Ah, the power of a group - there's always someone who thinks of the thing that I haven't.

Good idea Nigel, we can discuss / sort it during the day on Saturday. [smiley=thumbsup.gif]



TT-Minxx said:


> Hi Brian,
> 
> sorry that you have encountered difficulties with the booking at Prince Hall, just hope that it does'nt sour the rest of the booking for you all!
> 
> ...


No, this slight difficulty will make no difference at all to people's enjoyment of 2 very full days of TT touring.

Keep smiling.  I am.


----------



## brittan (May 18, 2007)

Well some better news today.

After a short absence *blackers* is back on board, I've had a much better conversation with Fi at Prince Hall and the meet up and departure point for the Saturday and Sunday tours will be the car park at Prince Hall. We have use of the lounge for a briefing if required. 

Oh yes - - - I went to the local dealer today and came away with this:

So the Moor Tour racks up a first - the first TTOC tour with a TT RS along for the ride.


----------



## 04DTT (Apr 7, 2006)

brittan said:


> Well some better news today.
> 
> After a short absence *blackers* is back on board, I've had a much better conversation with Fi at Prince Hall and the meet up and departure point for the Saturday and Sunday tours will be the car park at Prince Hall. We have use of the lounge for a briefing if required.
> 
> ...


Brian,

It looks great, well done. Dont push it too hard now on the tour :lol: :lol: :lol: I will have to take it for a spin, just to see what it is like mind you....

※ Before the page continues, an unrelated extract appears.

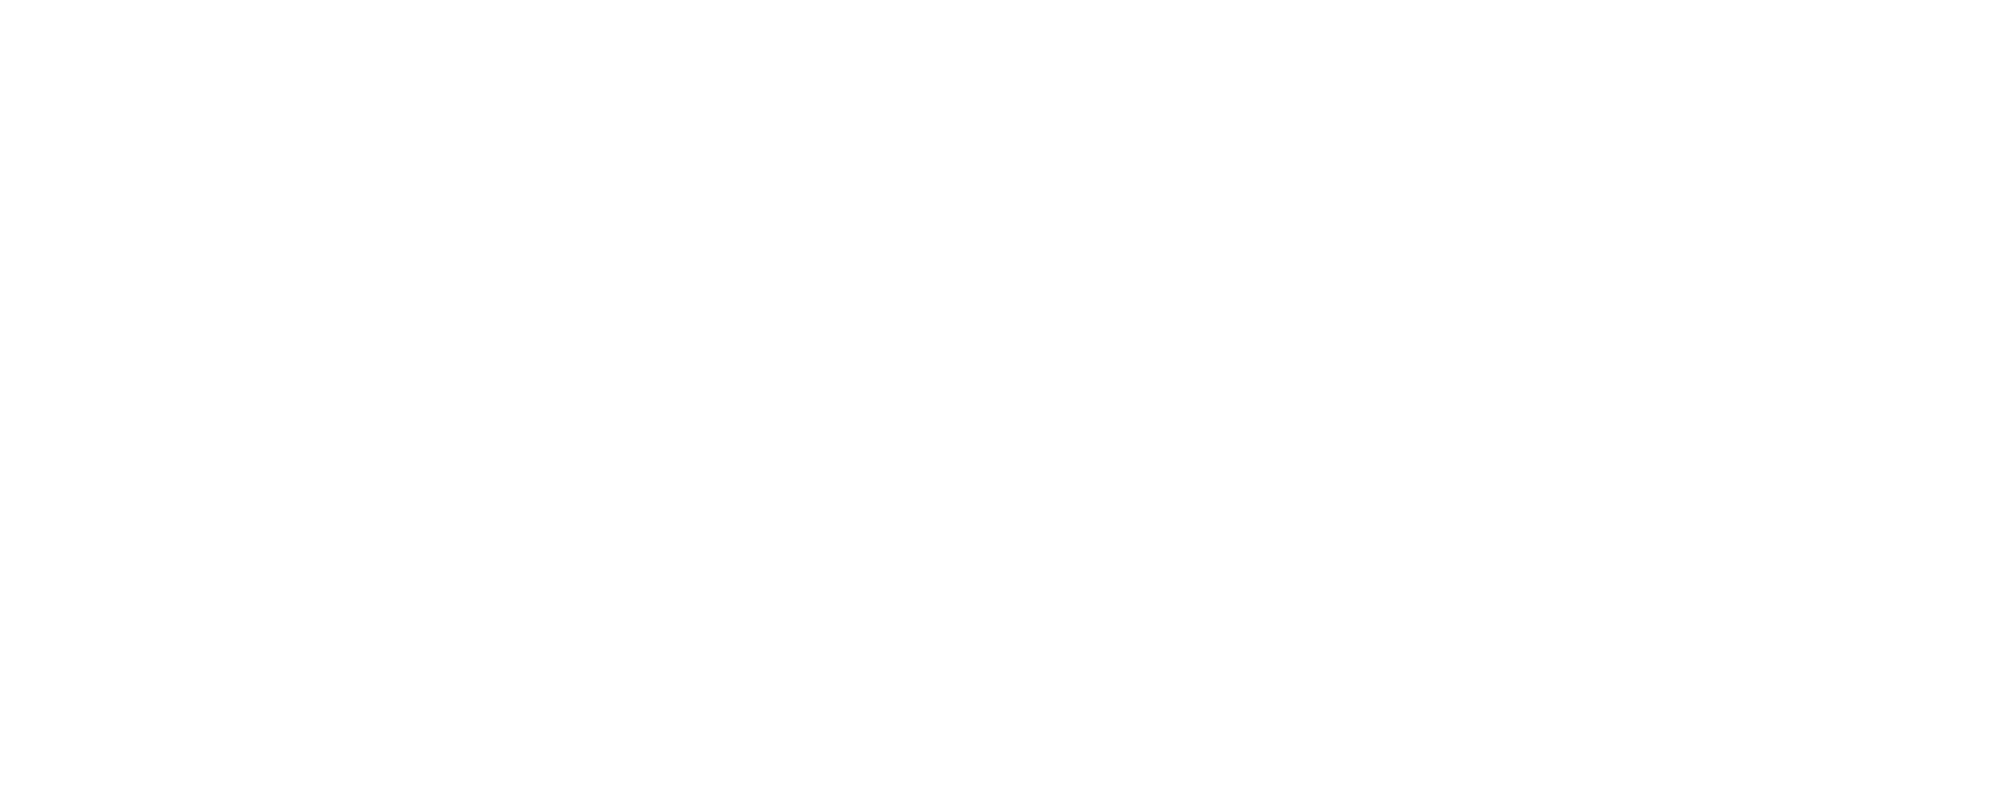 logo-menu-blanc-lau-haizetanx2

James, welcome back after your short absence.

See you all in 8 days.

Dec


----------



## Redscouse (Sep 30, 2008)

Looks very nice Brian   Lucky sod! :lol:

Take it easy on the Tour with that :twisted:


----------



## James GoaTTes (May 15, 2008)

You lucky git!!! God i wish i could afford a TTRS!!!

Im soooo jealous!!! 

Pleased for you though.


----------



## Wallsendmag (Feb 12, 2004)

04DTT said:


> brittan said:
> 
> 
> > Well some better news today.
> ...


----------



## forest (Mar 17, 2009)

looking forward to seeing that little beast, nice one Brian


----------



## NJBTT (Nov 19, 2006)

You're definitely going to stand out from the crowd next weekend in that beautiful baby!!!!!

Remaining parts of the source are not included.